Jaro-winkler Score

3 views
Skip to first unread message

Rynn Bronaugh

unread,
Jul 25, 2024, 12:13:03 AM7/25/24
to rivisosa

I was not able to understand what the difference is between the two. It seems Levenshtein gives the number of edits between two strings, and Jaro-Winkler provides a normalized score between 0.0 to 1.0.

Levenshtein counts the number of edits (insertions, deletions, or substitutions) needed to convert one string to the other. Damerau-Levenshtein is a modified version that also considers transpositions as single edits. Although the output is the integer number of edits, this can be normalized to give a similarity value by the formula

jaro-winkler score


Download Ziphttps://bytlly.com/2zMBgW



The Jaro algorithm is a measure of characters in common, being no more than half the length of the longer string in distance, with consideration for transpositions. Winkler modified this algorithm to support the idea that differences near the start of the string are more significant than differences near the end of the string. Jaro and Jaro-Winkler are suited for comparing smaller strings like words and names.

Deciding which to use is not just a matter of performance. It's important to pick a method that is suited to the nature of the strings you are comparing. In general though, both of the algorithms you mentioned can be expensive, because each string must be compared to every other string, and with millions of strings in your data set, that is a tremendous number of comparisons. That is much more expensive than something like computing a phonetic encoding for each string, and then simply grouping strings sharing identical encodings.

with the slowest taking 2 to 3 times as long as the fastest. Of course these times are dependent on the lengths of the strings and the implementations, and there are ways to optimize these algorithms that may not have been used.

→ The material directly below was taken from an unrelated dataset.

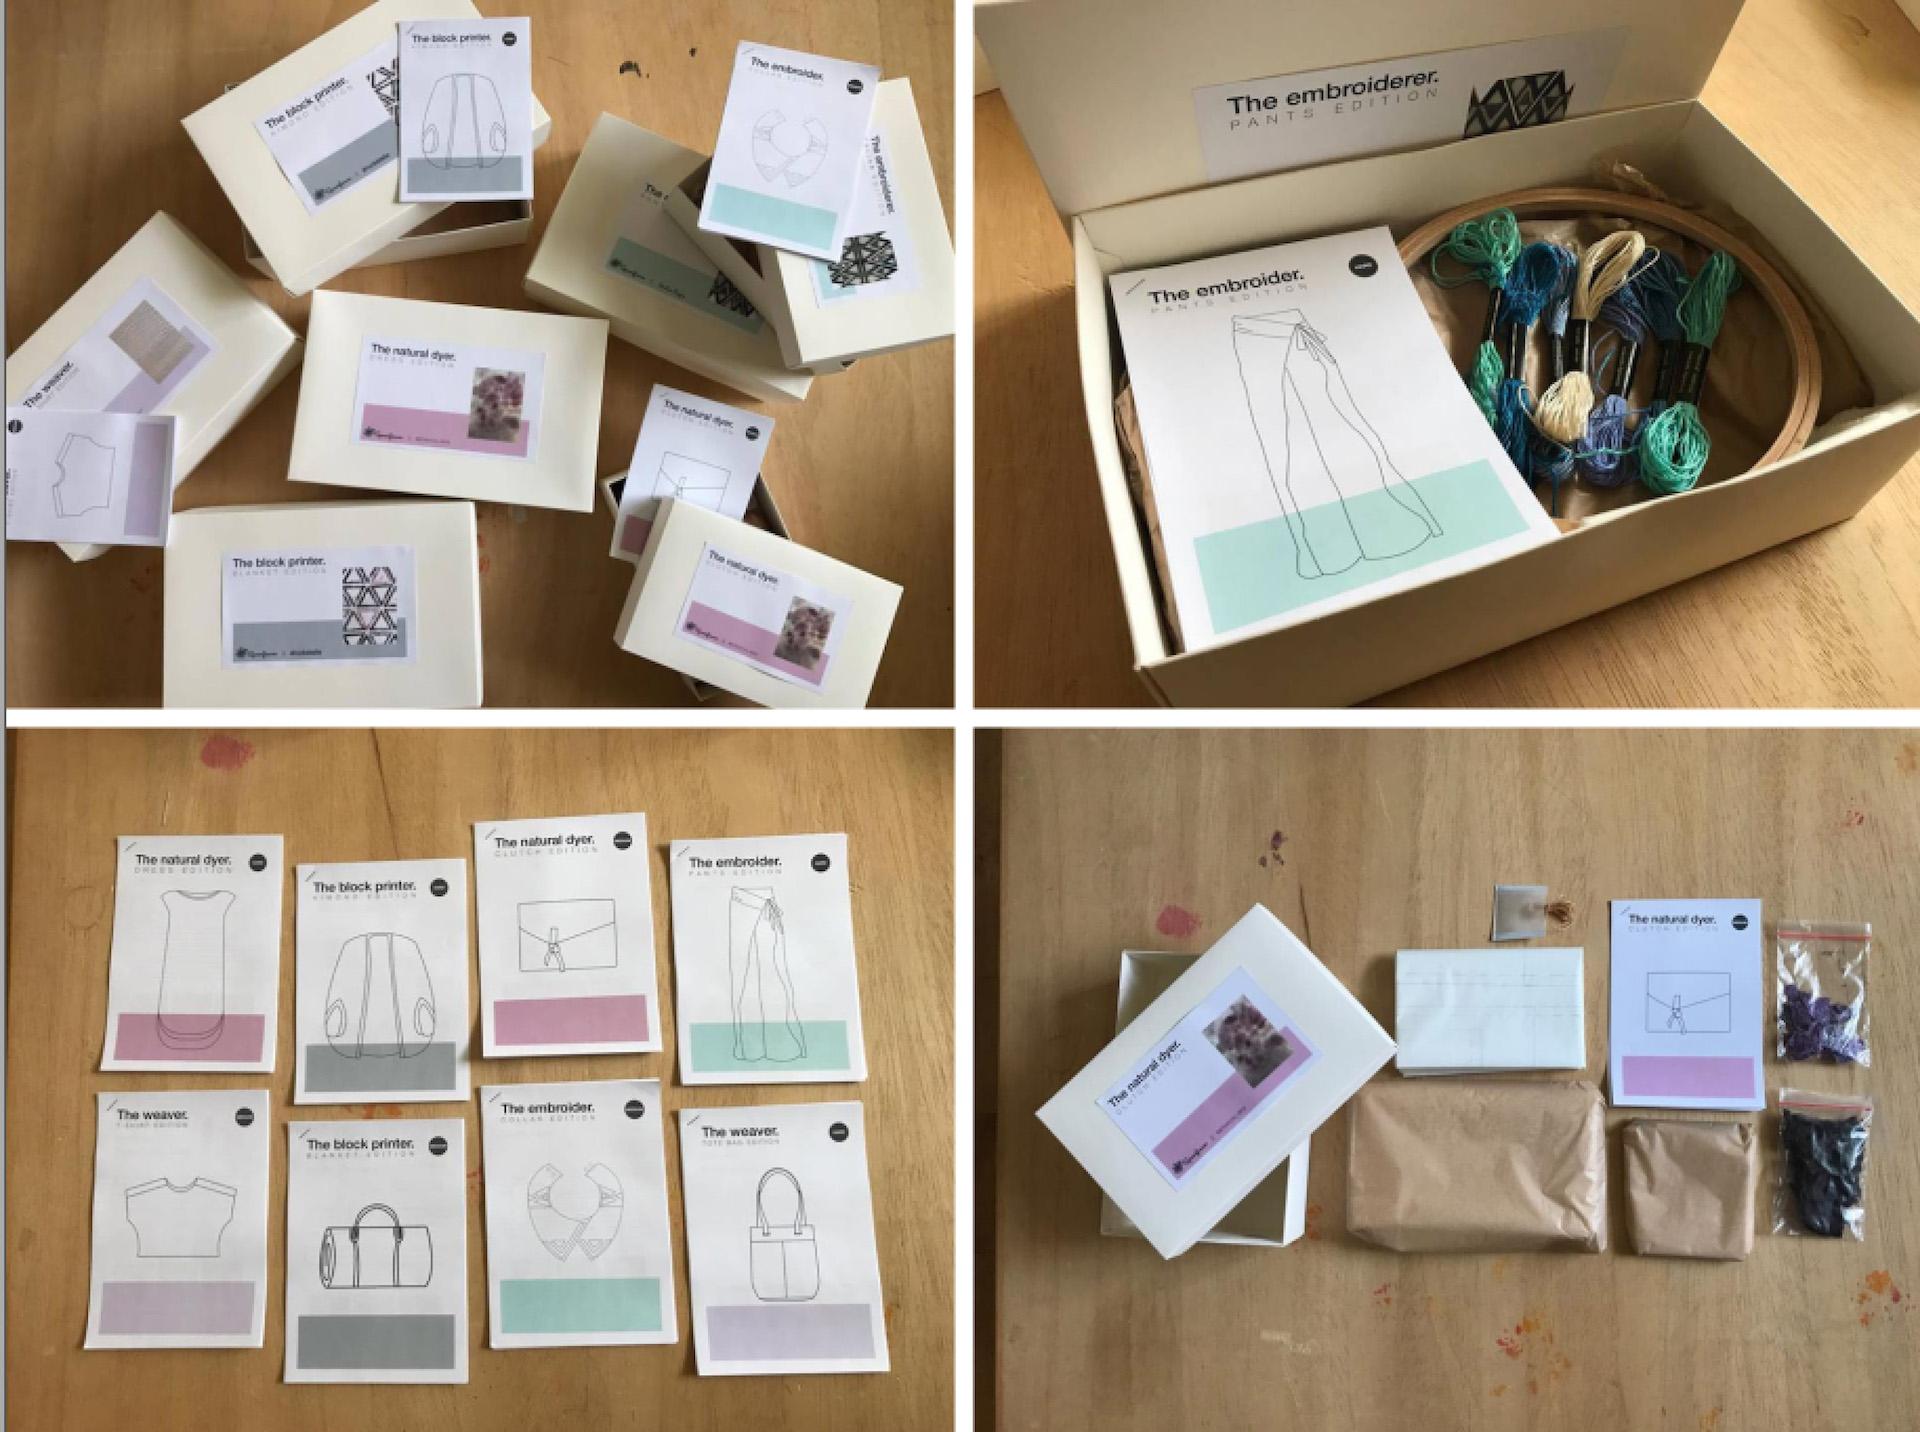 קופסאות ה-DIY שיצרנו לפריטים שעיצבנו, 2018. עיצוב: דניאל קלר אבירם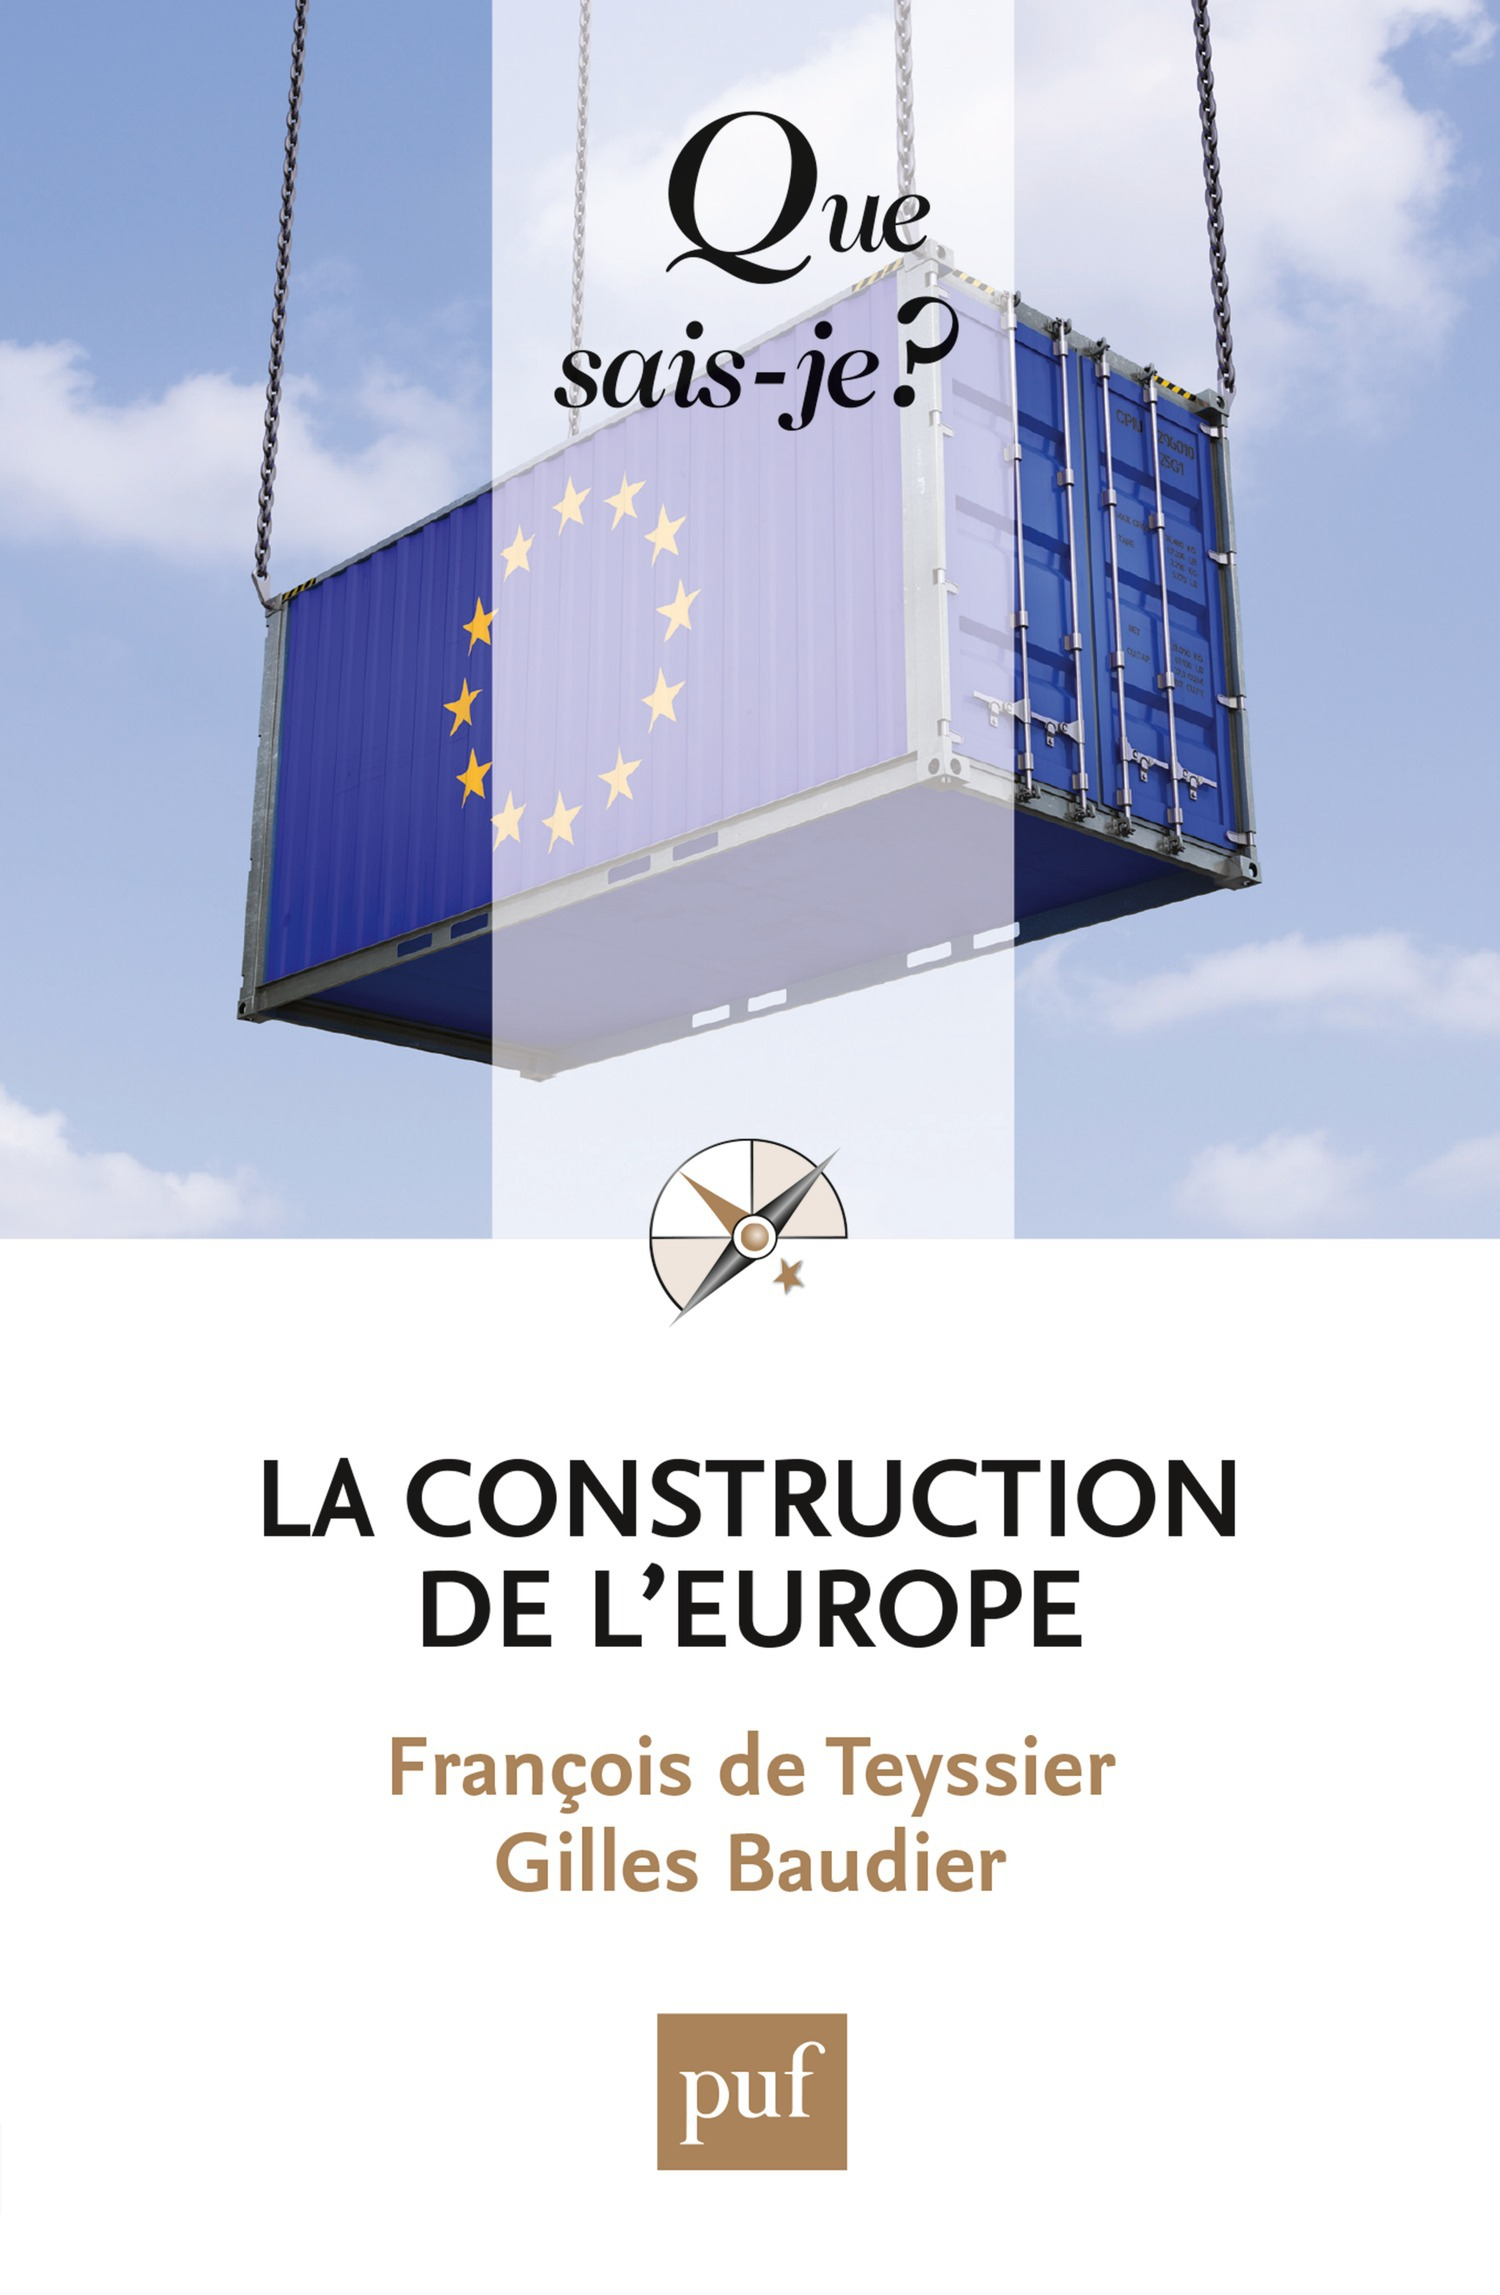 La construction de l'Europe (6e édition)

Sanctions List Search will first look for potential matches based on the first letter of input search terms and by checking for matches at least 50% or more similar based on edit distance (edit distance is the minimum number of operations required to transform the input string of characters into the string that it is being compared to on the list). Sanctions List Search then uses two matching logic algorithms, and two matching logic techniques to calculate the score. The two algorithms are Jaro-Winkler, a string difference algorithm, and Soundex, a phonetic algorithm. The first technique involves using the Jaro-Winkler algorithm to compare the entire name string entered against full name strings of potential match entries on OFAC's sanctions lists. The second technique involves splitting the name string entered into multiple name parts (for example, John Doe would be split into two name parts). Each name part is then compared to name parts on all of OFAC's sanctions lists using the Jaro-Winkler and Soundex algorithms. The search calculates a score for each name part entered, and a composite score for all name parts entered. Sanctions List Search uses both techniques each time the search is run and returns the higher of the two scores in the Score column.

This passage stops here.